Two police officers stopped a teenage photographer from taking pictures of an Armed Forces Day parade - and then claimed they did not need a law to detain him.

Jules Mattsson, a 16-year-old freelancer from Hackney, east London, was photographing police cadets on Saturday when he was ordered to stop and give his personal details by an adult cadet officer who claimed he needed parental permission to capture images of the cadets.

The student, who works as a freelance photojournalist in his spare time, decided to record his confrontation on his mobile phone, providing an insight into the legal arguments that the officers were using to justify stopping him from taking photographs.

The parade he was photographing was one 350 public marches held to mark Armed Forces Day, a new event which was created last year amid criticism that the country didn't do enough to honour its military.

Mr Mattson said his confrontation began when he started taking photographs of police cadets.

“I was quickly and aggressively stopped by one of their adult officers asking me who I worked for,” he wrote on his blog. “I responded that I was a freelance and upon being told I needed parental permission to photograph them, I explained this was a public event in a public place and that I didn’t for editorial use.”

The audio recording begins minutes later with an officer initially arguing that it is illegal to take photographs of children. He then claims that it is illegal to take images of army members and police officers
 
#2
Brave police save children in uniform from child with a camera by lying about their authority?

Whoop-de-do. Roll on the "Great Reform Bill".
 

ancienturion

LE
Book Reviewer
#5
It is unfortunate that the previous government allowed the constabularies and their senior offices to get grand ideas and the term "force" was, and still is, bandied about. It would seem that, similar to certain MPs, there are those police officers who consider themselves above the law or providing their own law. The use of the descriptive term force is not necessary and the police should stop using it.
 

the_boy_syrup

LE
Book Reviewer
#6
Phiotographer was a fukcwit
When asked by plod what he was up to he should have pointed out he wanted to call them all baby killers, priase allah and jihad
They would have gave him grandstand seats
 
#7
brighton hippy said:
The audio recording begins minutes later with an officer initially arguing that it is illegal to take photographs of children. He then claims that it is illegal to take images of army members and police officers
The cadet instructor attempts to throw around weight that he does not have. When his bluff is called by the photographer, the fun started.

They initially make vague accusations that the photographer is a paedophile. When this fails to intimidate him, they state that he is a suspected terrorist. That puts him in a group of 300,000 people who were stopped on that basis last year.

When that also fails, they fall back on breach of the peace and anti-social behaviour. Although he was never arrested, he was "detained" (what's the difference) and taken out of the public view before, allegedly, being pushed down a flight of stairs.

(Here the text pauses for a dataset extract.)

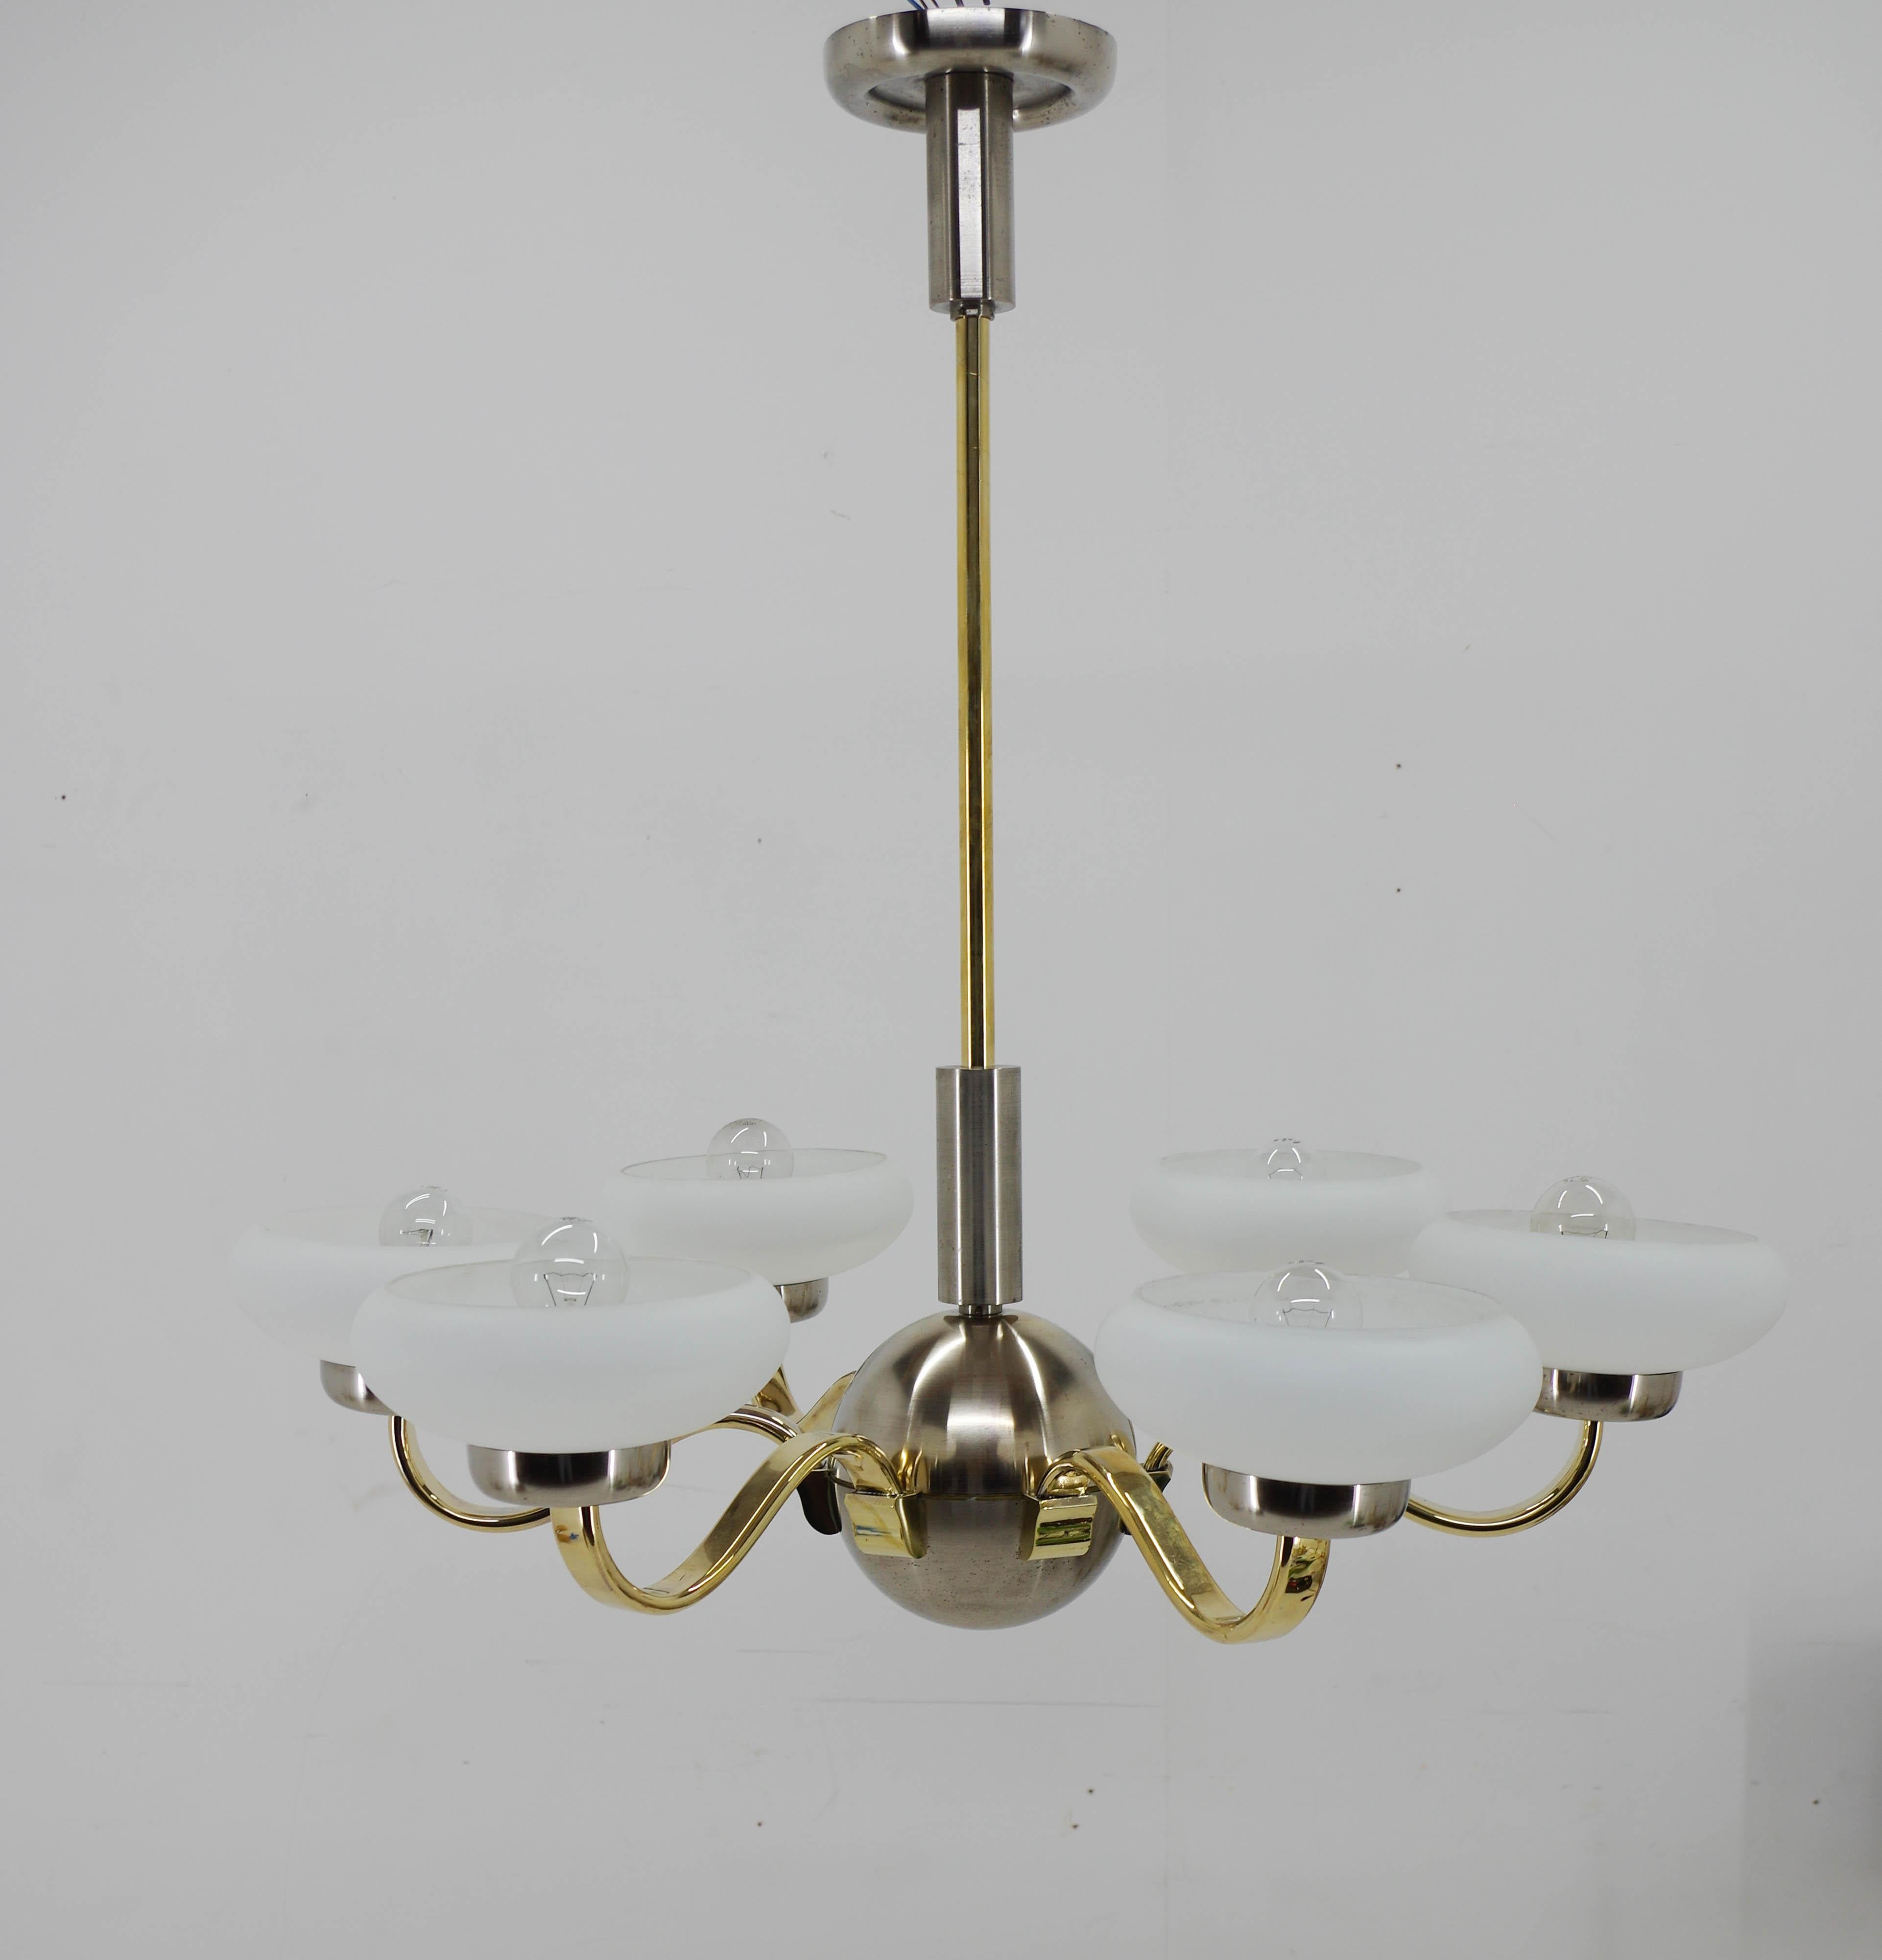 Large beautiful Art Deco chandelier made in 1930s.
Restored: nickel with minor age patina polished. Brass arms polished. Rewired: two separate circuits - 3+3x60W, E25-E27 bulbs
US wiring compatible

Harassement of people like this is becoming a serious problem, so much so that the Met have published guidelines for all police and PCSOs about what they can and can't do to photographers.

I am aware of:-

A woman being pushed to the ground and handcuffed to a railing in a tube station for photographing police searching her boyfriend for drugs.

A bloke being arrested 'on suspicion of terrorism' because he videoed a police car driving the wrong way down a one way street to collect fish and chips from a chippy.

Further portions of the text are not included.